__RECORDED INFORMATION__
————————

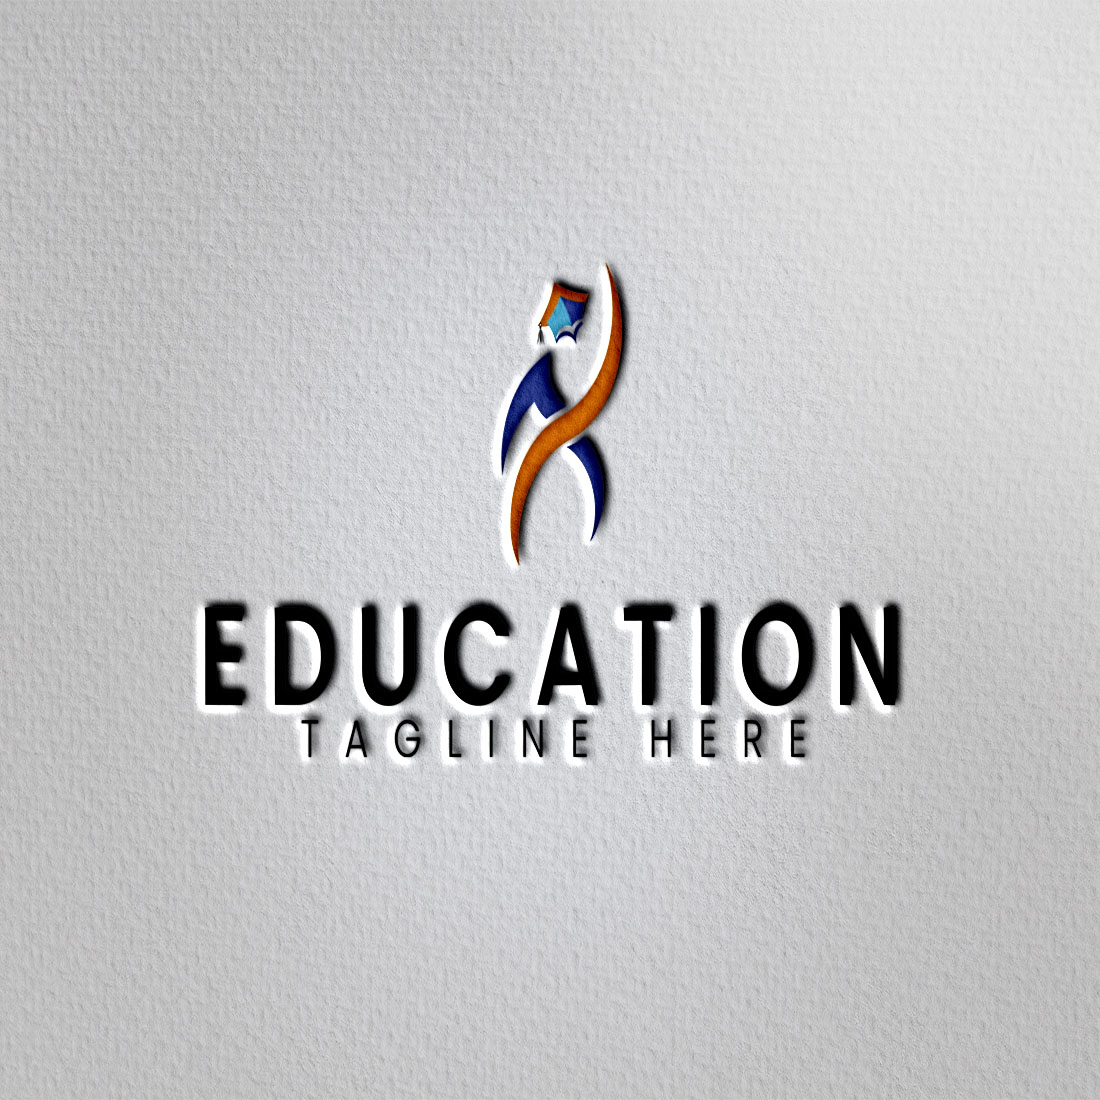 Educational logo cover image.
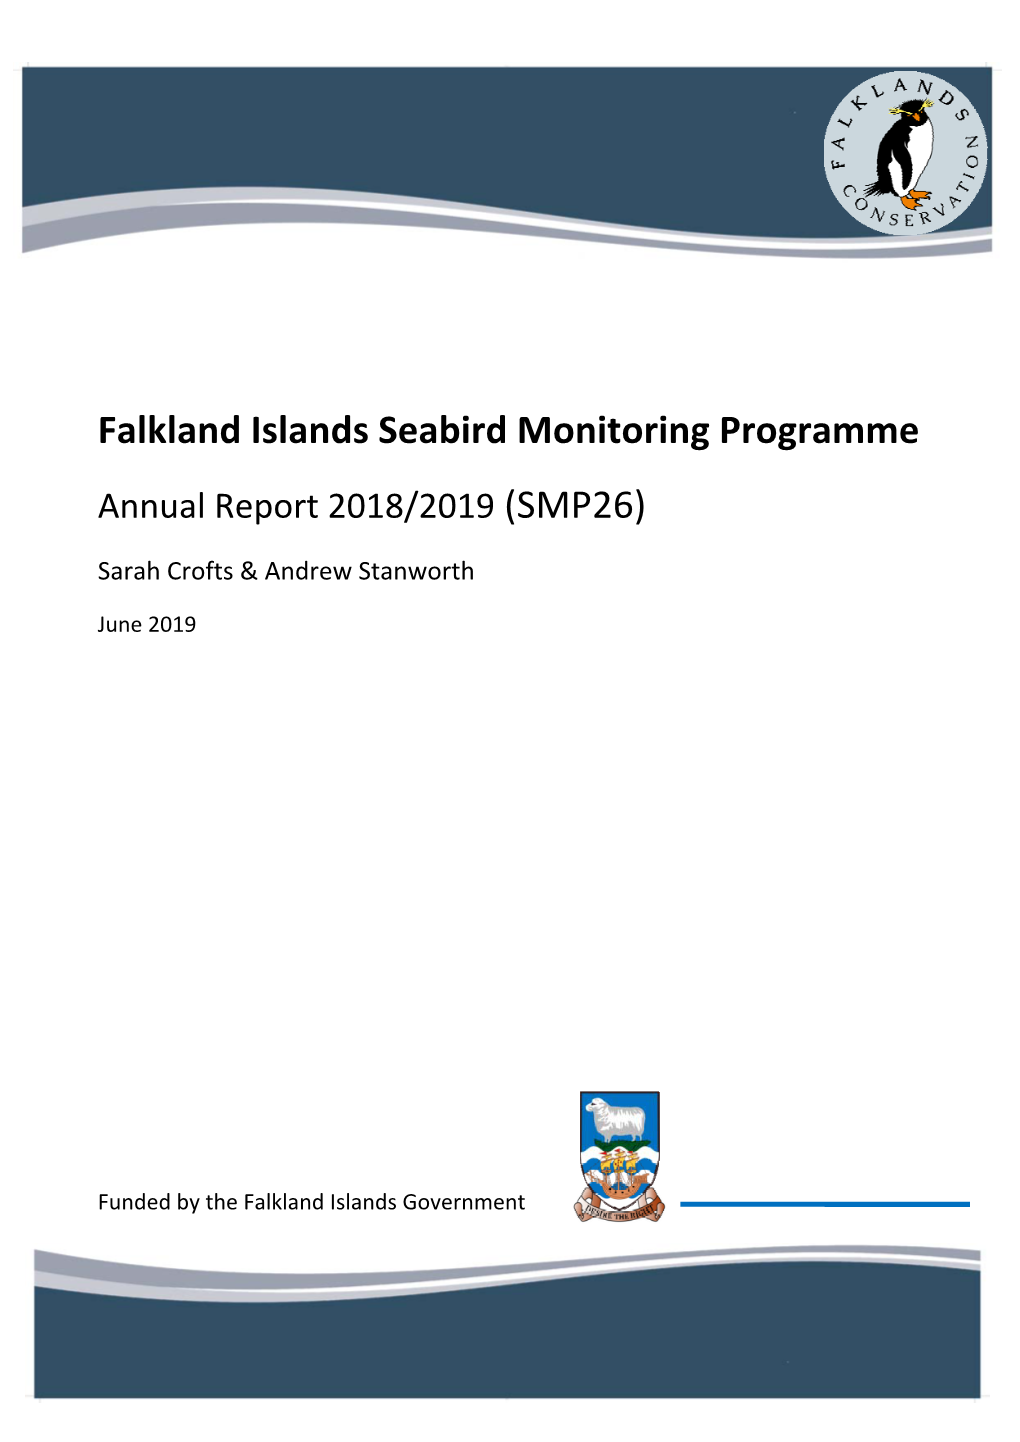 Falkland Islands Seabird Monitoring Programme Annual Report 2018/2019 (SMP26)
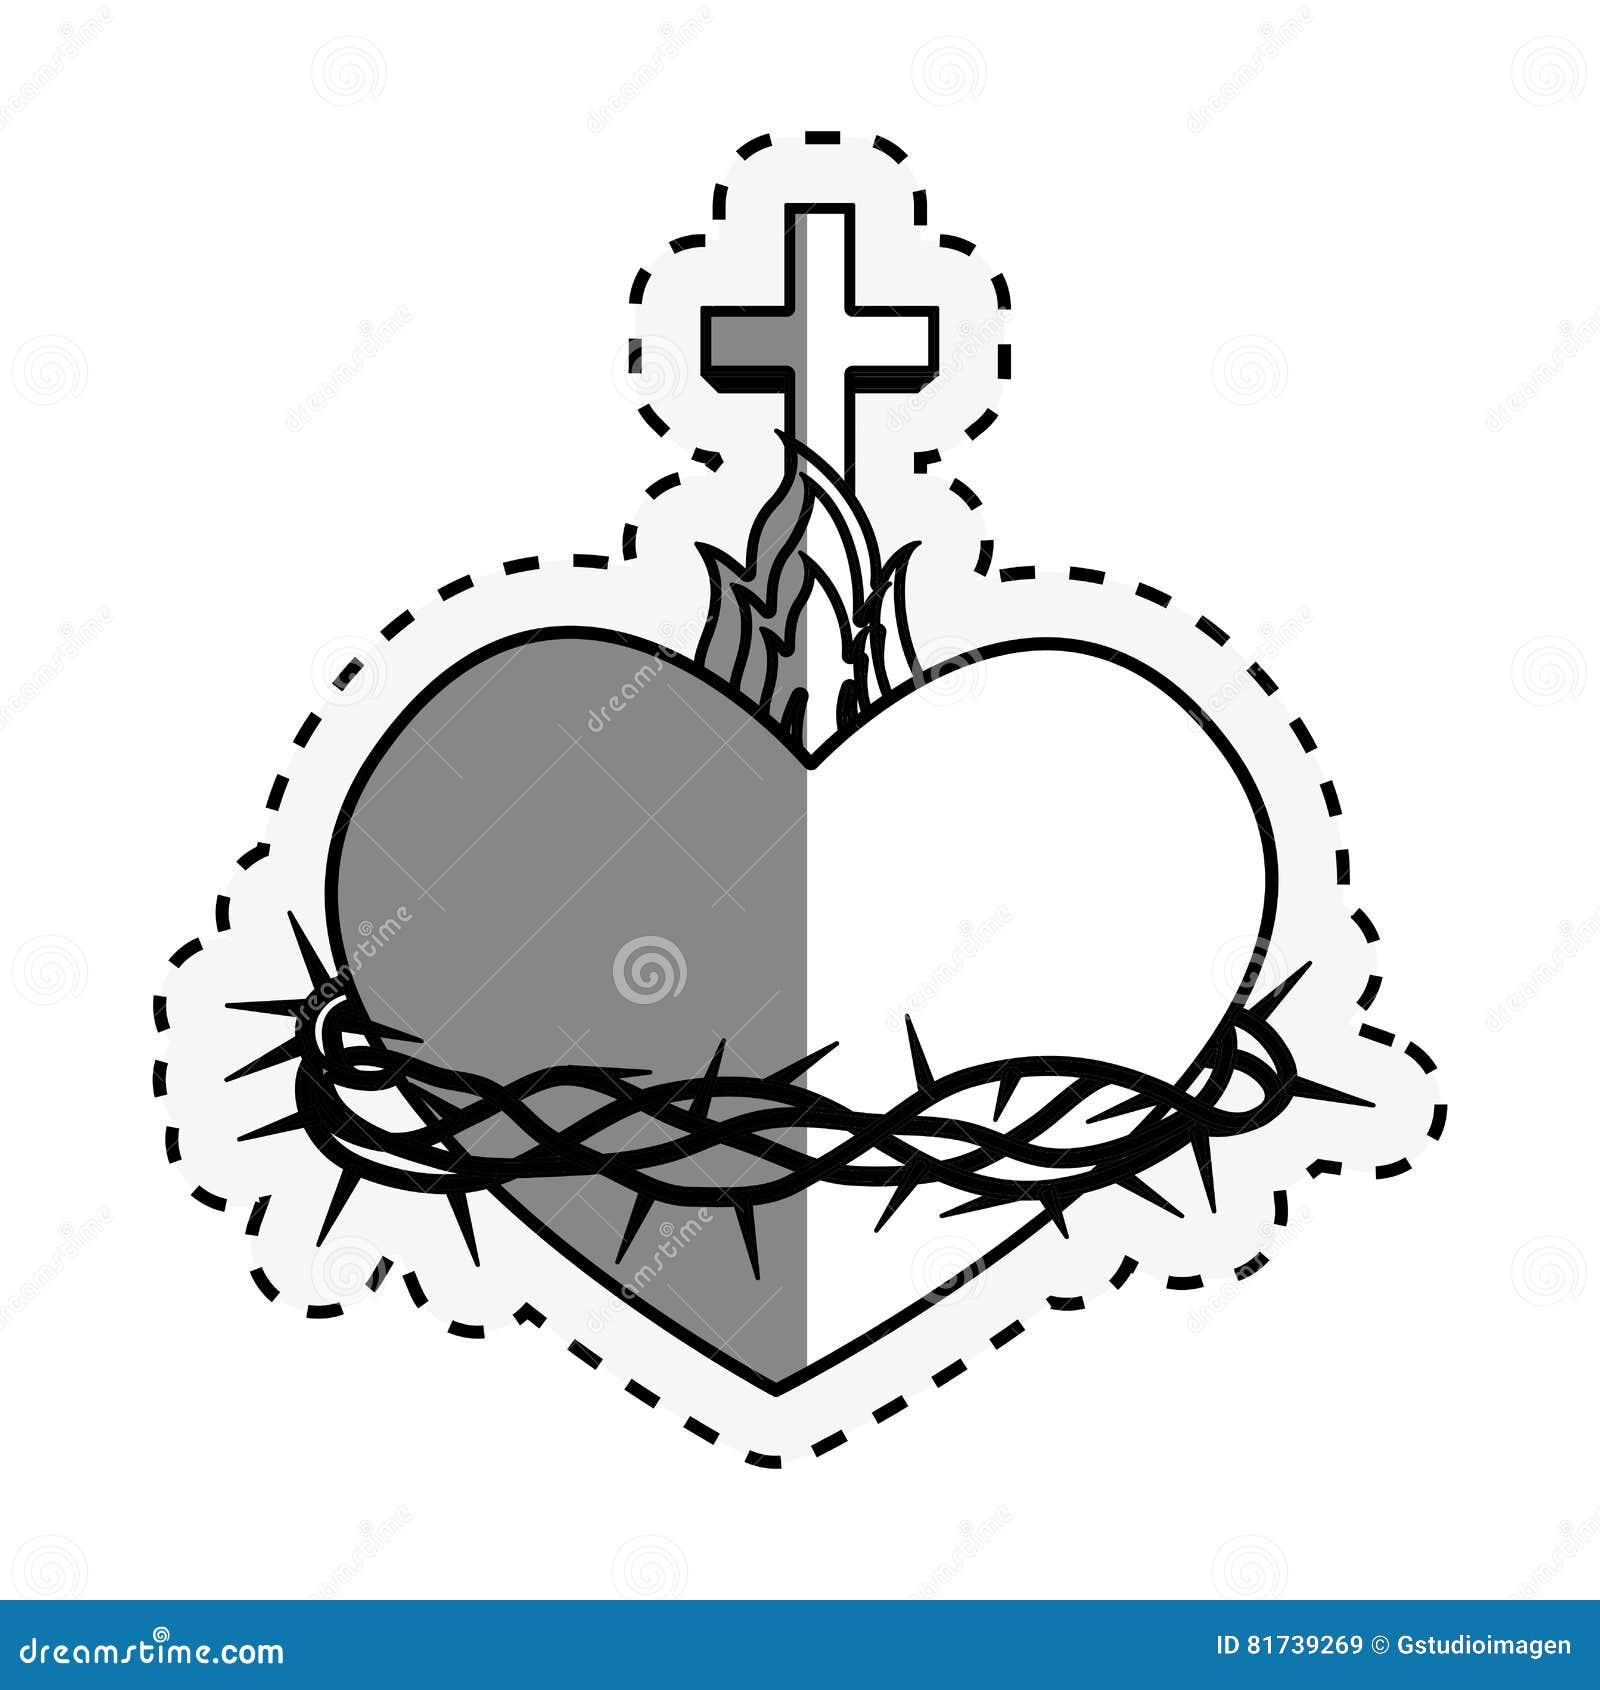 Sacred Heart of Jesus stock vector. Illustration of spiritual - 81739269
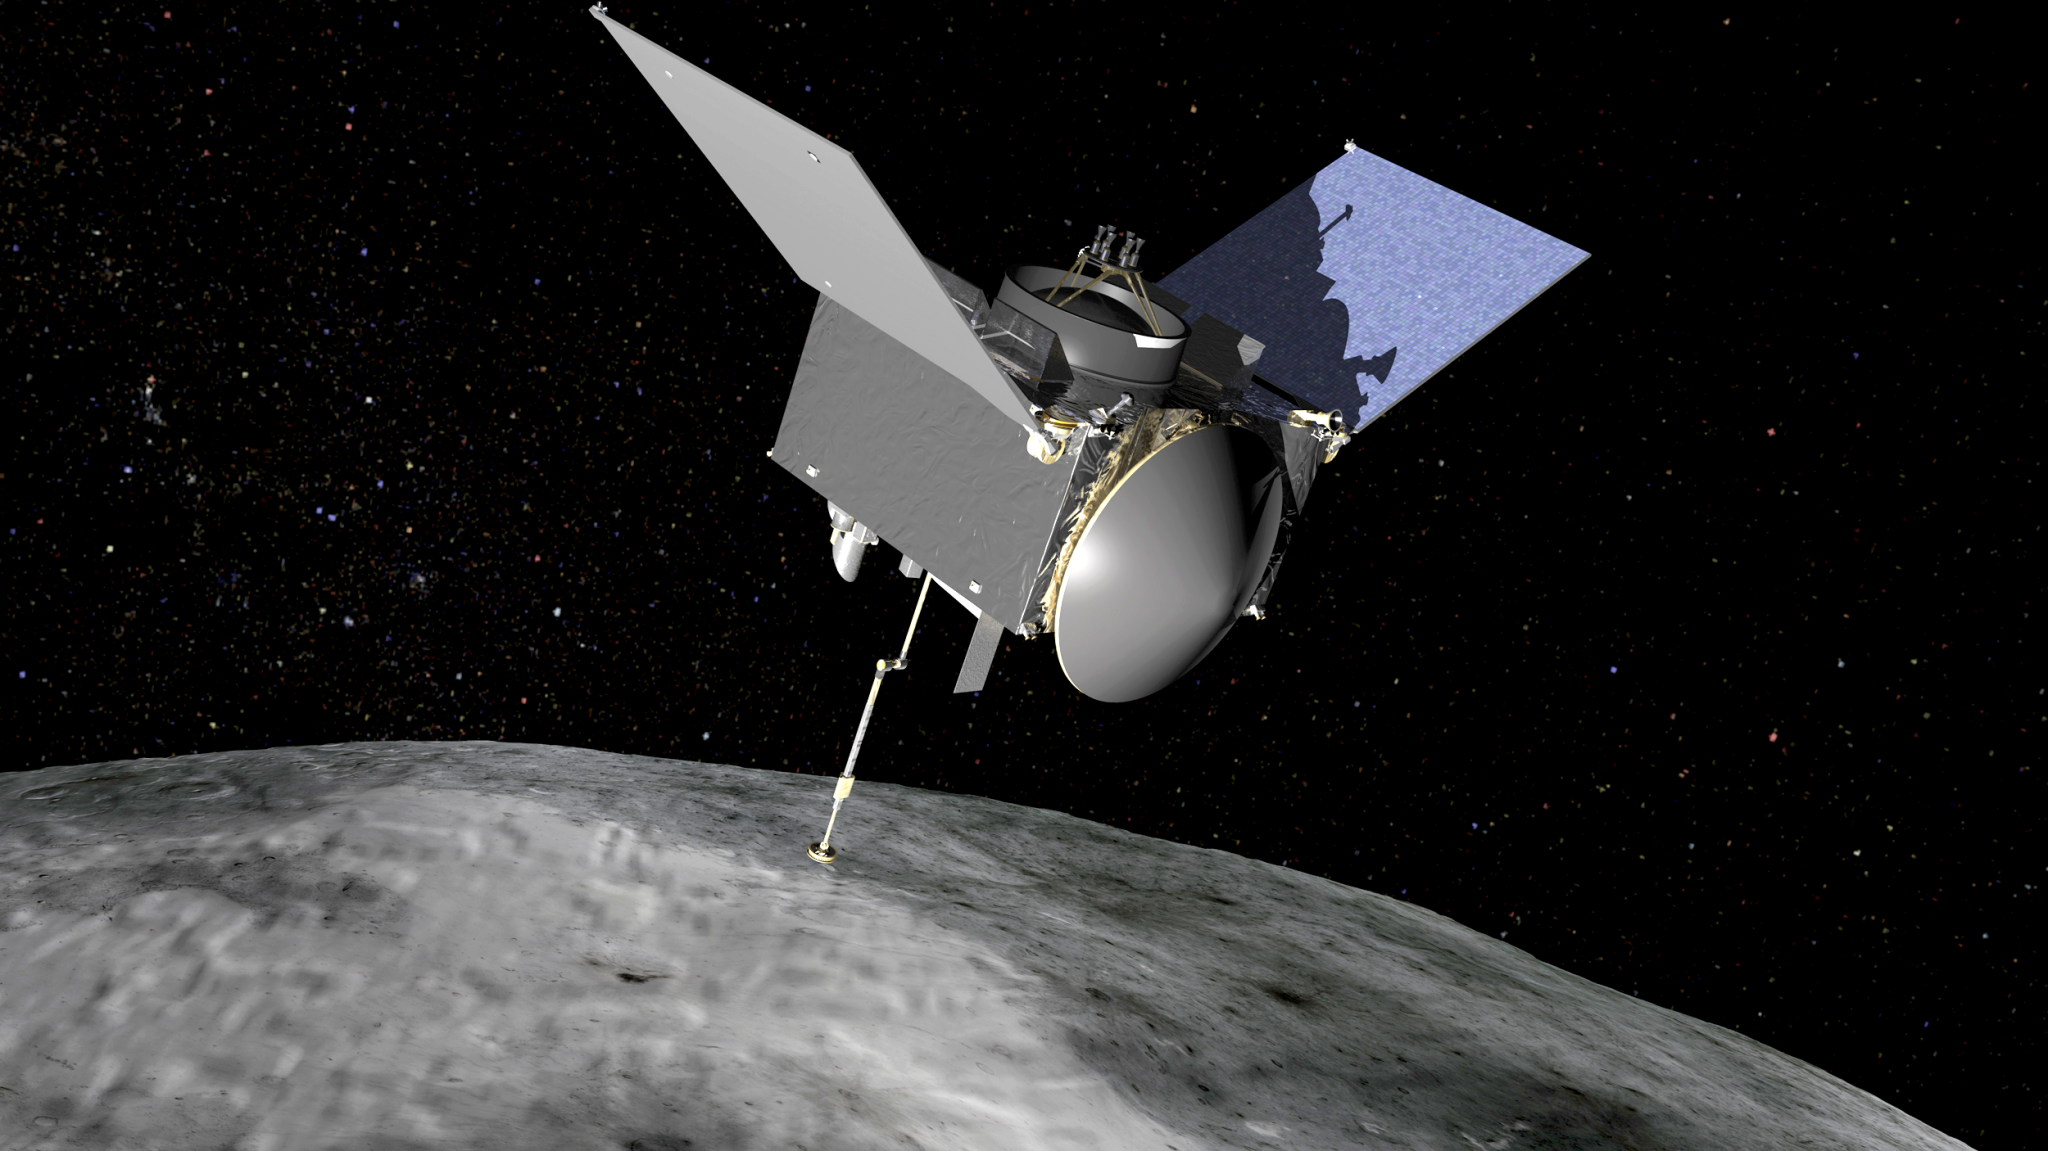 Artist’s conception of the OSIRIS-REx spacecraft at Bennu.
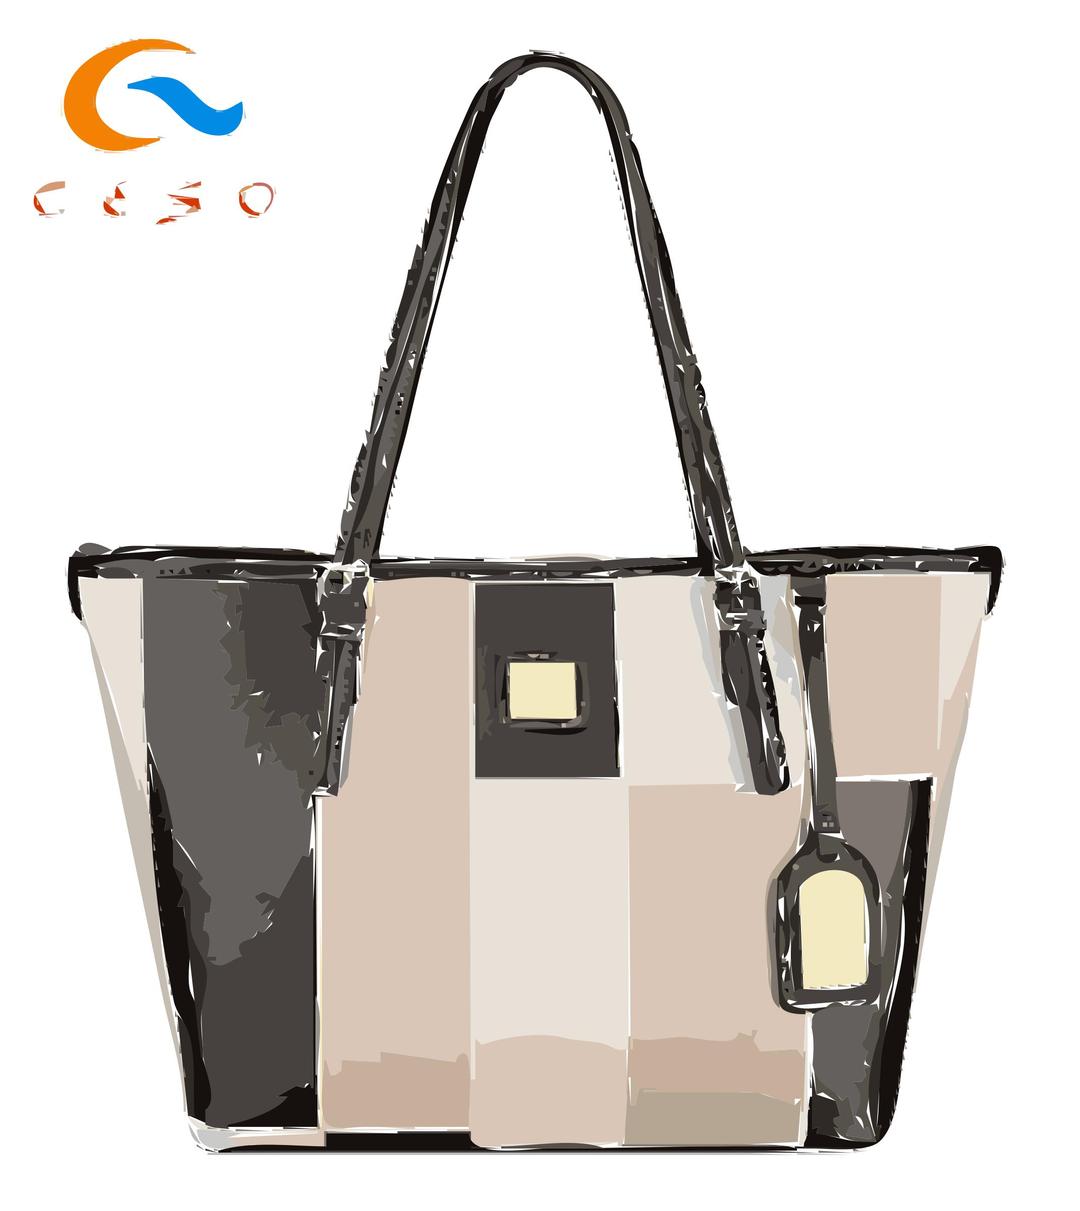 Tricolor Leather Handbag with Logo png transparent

————————

__PROBLEM TO SOLVE__
Output only the lines running from the one containing "Falkland Islands Seabird" to the end of the records, inclusive and exact; skip the pictures.

__OUTPUT__
 Falkland Islands Seabird Monitoring Programme Annual Report 2018/2019 (SMP26)
 Sacred Heart of Jesus stock vector. Illustration of spiritual - 81739269
 Artist’s conception of the OSIRIS-REx spacecraft at Bennu.
 Tricolor Leather Handbag with Logo png transparent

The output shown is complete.